The driver’s seat is firm and well bolstered but comfortable, offering extendable under-thigh support, cushion height and cushion angle adjustment to serve up the perfect tailored driving position.

In the rear, passenger space is good, although not exceptional. Our test car’s optional panoramic glass sunroof ate into head room somewhat, leaving enough for adults of average height but no more, and both leg room and cushion length also left a little to be desired for occupants over 6ft 2in.
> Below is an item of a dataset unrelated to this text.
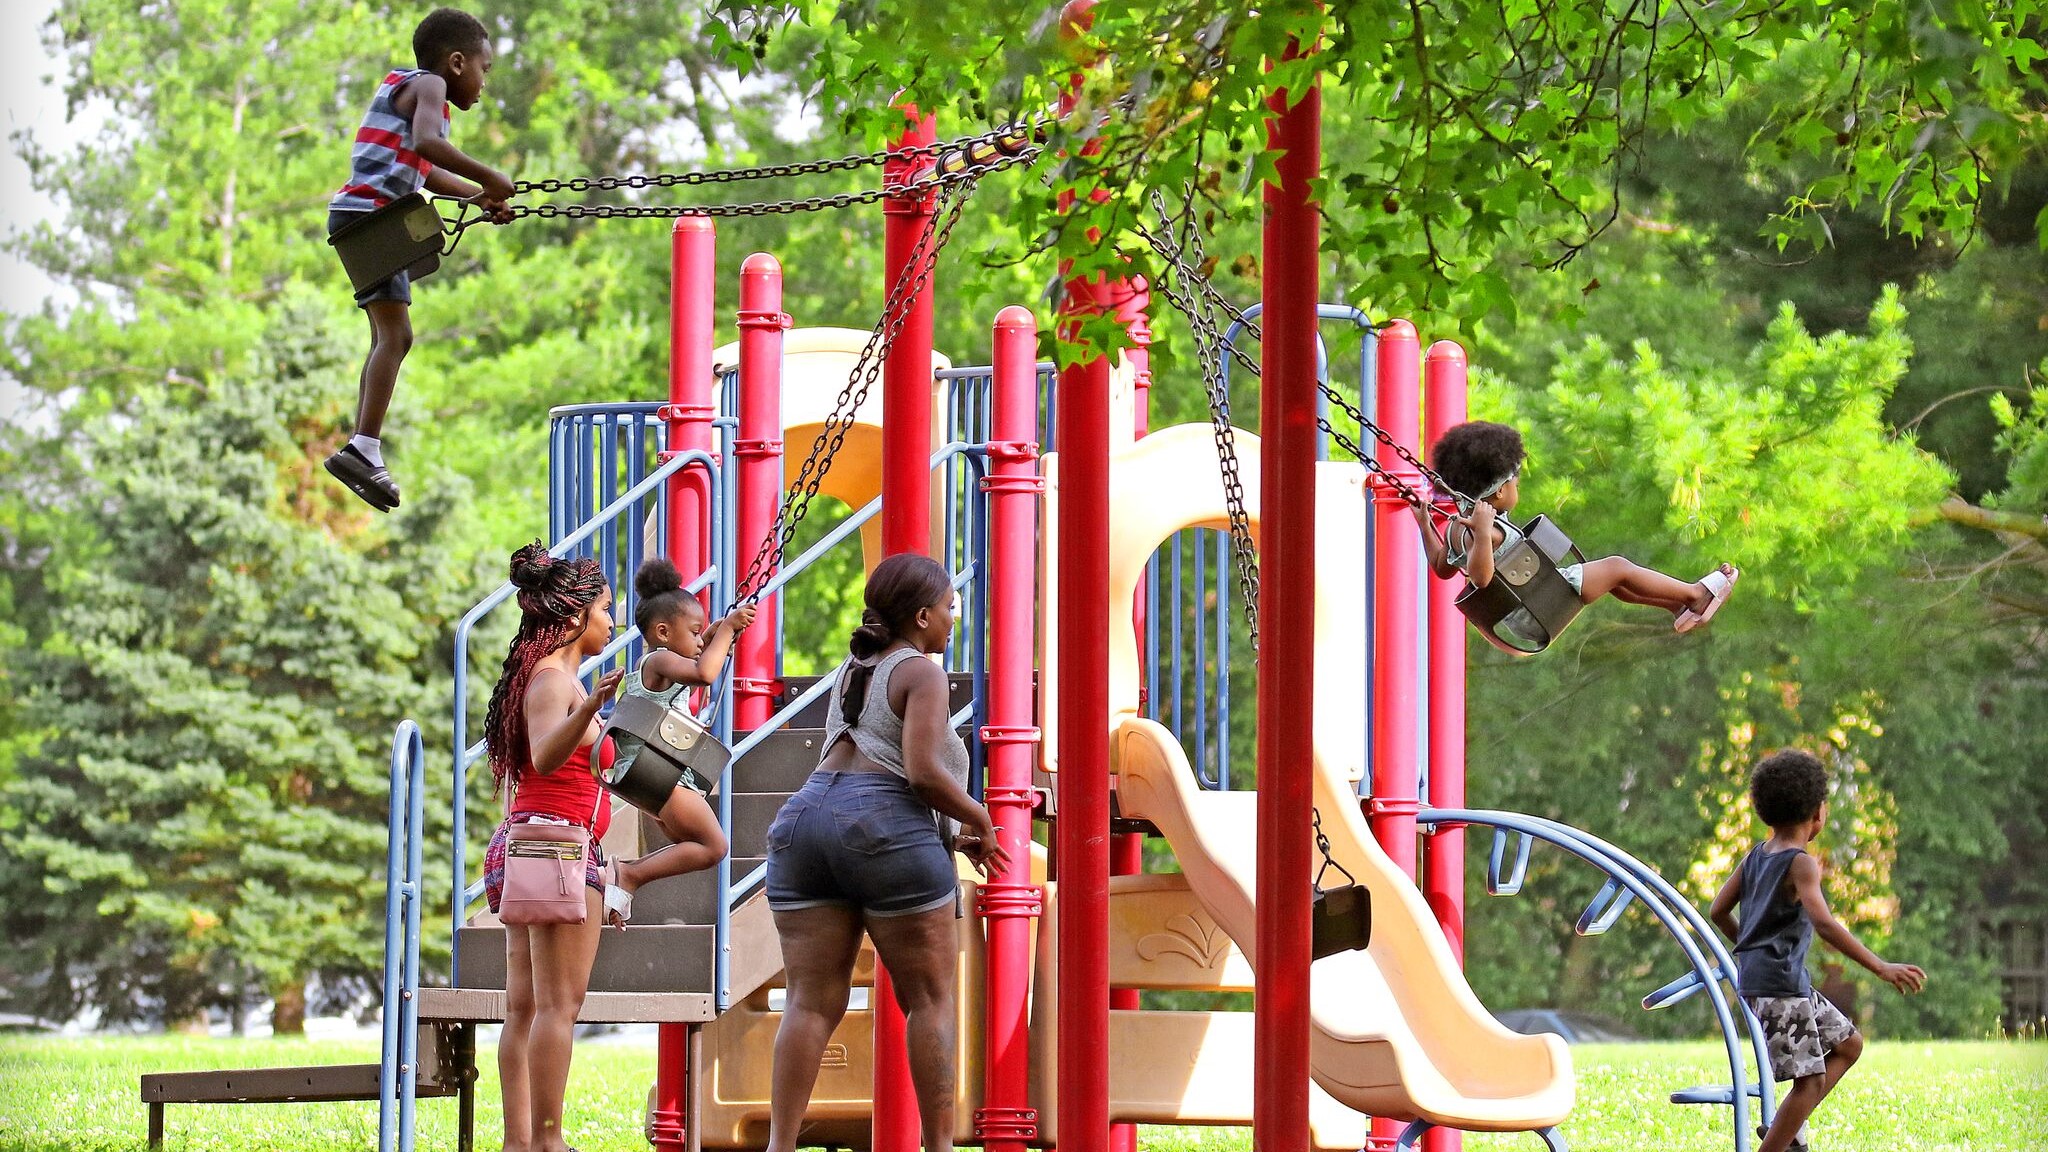 Kids on the Swings and Slides playing at Holmes park

To be fair to Audi, we’re at the more compact end of the SUV class here and some compromise on cabin space is to be expected. Compared with the Macan, the SQ5 is limo-like in its rear-quarters accommodation – and it beats both the Macan and the F-Pace we measured on front-row head room, available boot width and boot loading height.

The SQ5 offers what’s undoubtedly the best infotainment set-up available in this particular market niche. You get Audi’s 8.3in MMI Navigation Plus set-up as standard and have to pay extra to get Bang & Olufsen surround audio, Virtual Cockpit instruments, a head-up display and a wireless phone charger — but none is expensive enough to warrant avoiding it.

We’re docking the car half a star on this score because whereas other Audis allow you to fold away the central screen when you want to, the SQ5 doesn’t (and neither does the S4 or S5), but there’s very little to complain about otherwise.

The car’s navigation mapping is excellent, its route programming fast and effective and its traffic monitoring also very useful. Should you want to use Apple CarPlay to follow the navigation system onyour phone while double-checking against the fitted sat nav in the Virtual Cockpit, you can.

The car’s optional Bang & Olufsen 3D surround audio system (19 speakers, 755W) is very good indeed.